И вдруг смех мой сразу иссякает.
– Это был английский капитан, – шепчу я, – тот самый, который тогда…
Работник потирает оцарапанную руку.
– Вам что-то приснилось, учитель, и вы упали с кровати, – говорит он. – Вы ничего не слышали и чуть меня не убили…
Я не понимаю, о чем он говорит, чувствую бесконечную слабость и полное изнеможение. Вдруг замечаю, что трость все еще у меня в руках. Отставляю ее и сажусь на постели. Собака прижимается к моим ногам.
– Дайте мне стакан воды, тетушка Шомакер, и ступайте, ложитесь спать.
Но сам я не ложусь больше, а закутываюсь в одеяло и усаживаюсь у стола. Огня я не гашу.

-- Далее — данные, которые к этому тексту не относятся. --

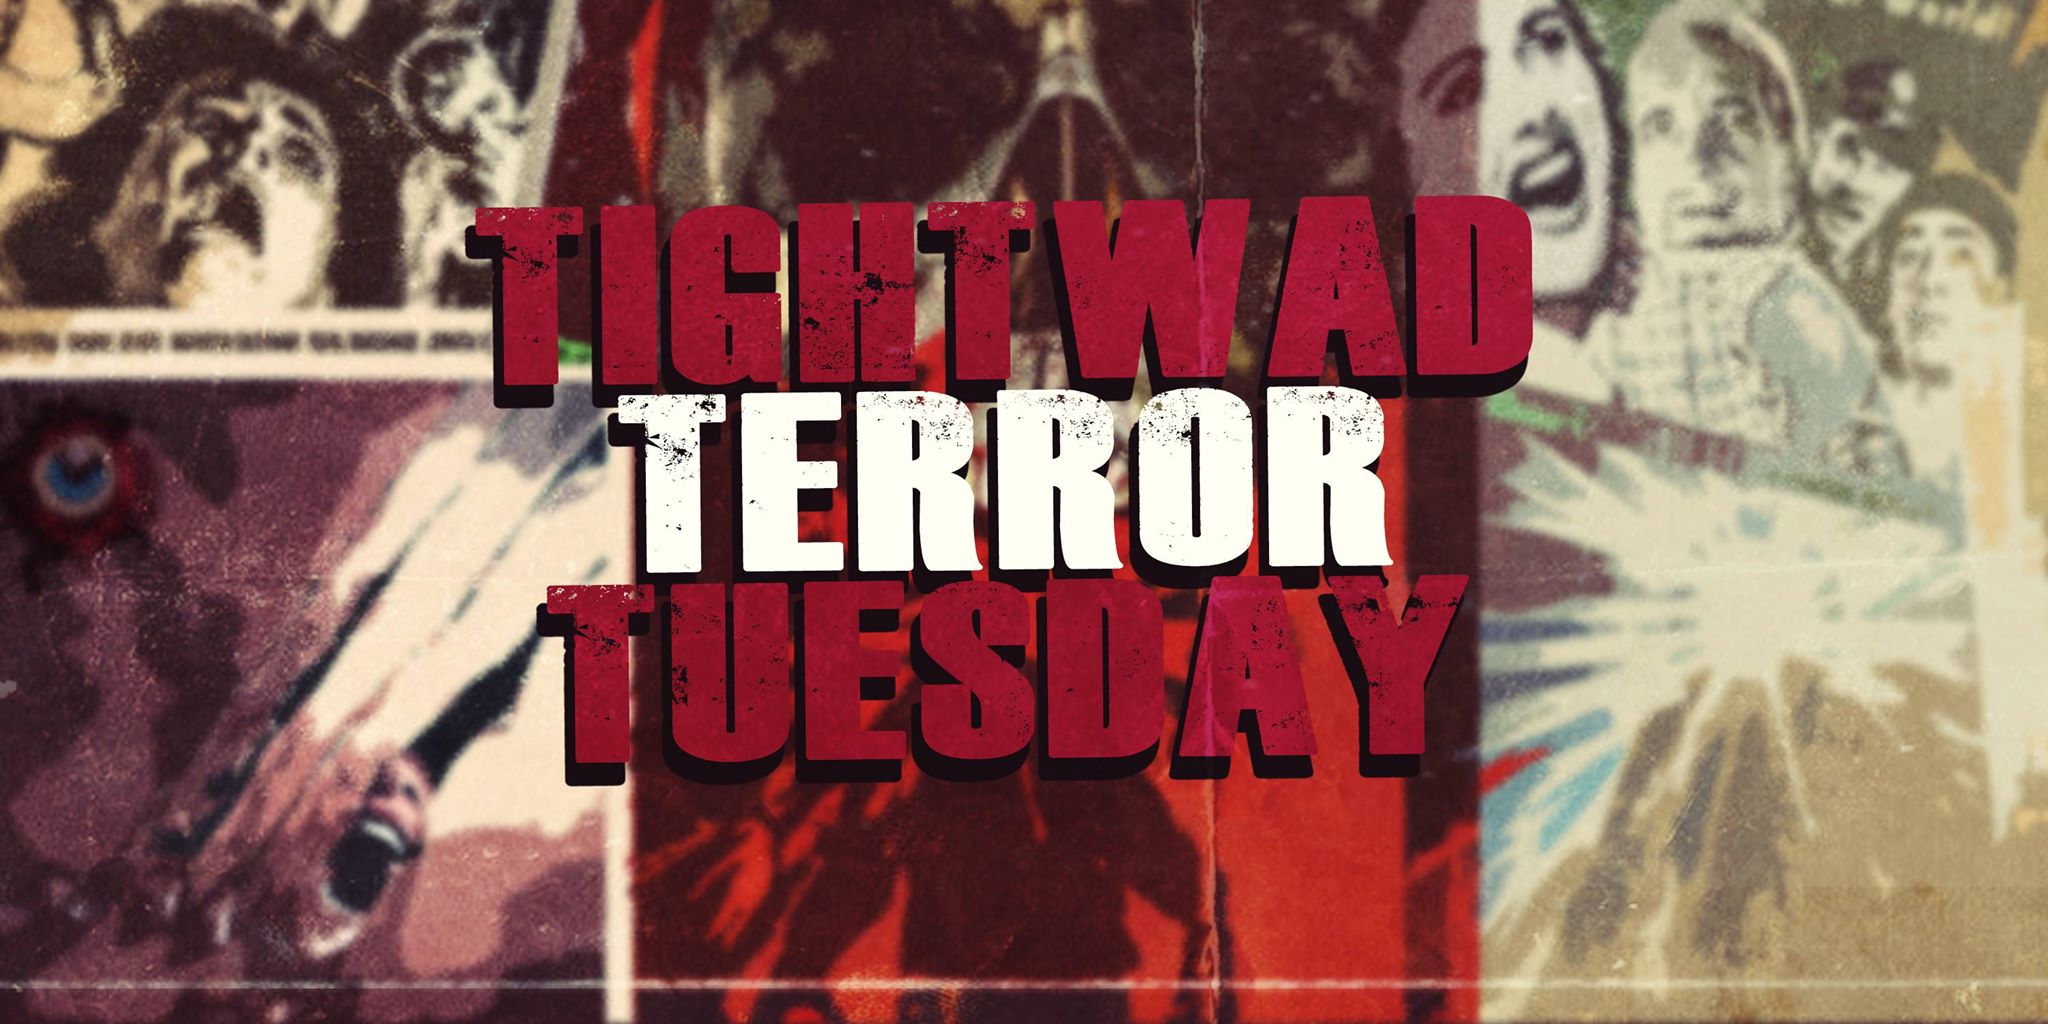 Dimàirt Terror Tightwad - Filmichean an-asgaidh

Так я сижу долго-долго, неподвижно и с отсутствующим взглядом, – только солдаты могут так сидеть, когда они одни. Постепенно начинаю ощущать какое-то беспокойство, словно в комнате кто-то есть. Я чувствую, как медленно, без малейшего усилия с моей стороны ко мне возвращается способность смотреть и видеть. Слегка приоткрываю глаза и вижу, что сижу прямо против зеркала, висящего над умывальником. Из неровного стекла глядит на меня лицо все в тенях, с темными впадинами глаз. Мое лицо…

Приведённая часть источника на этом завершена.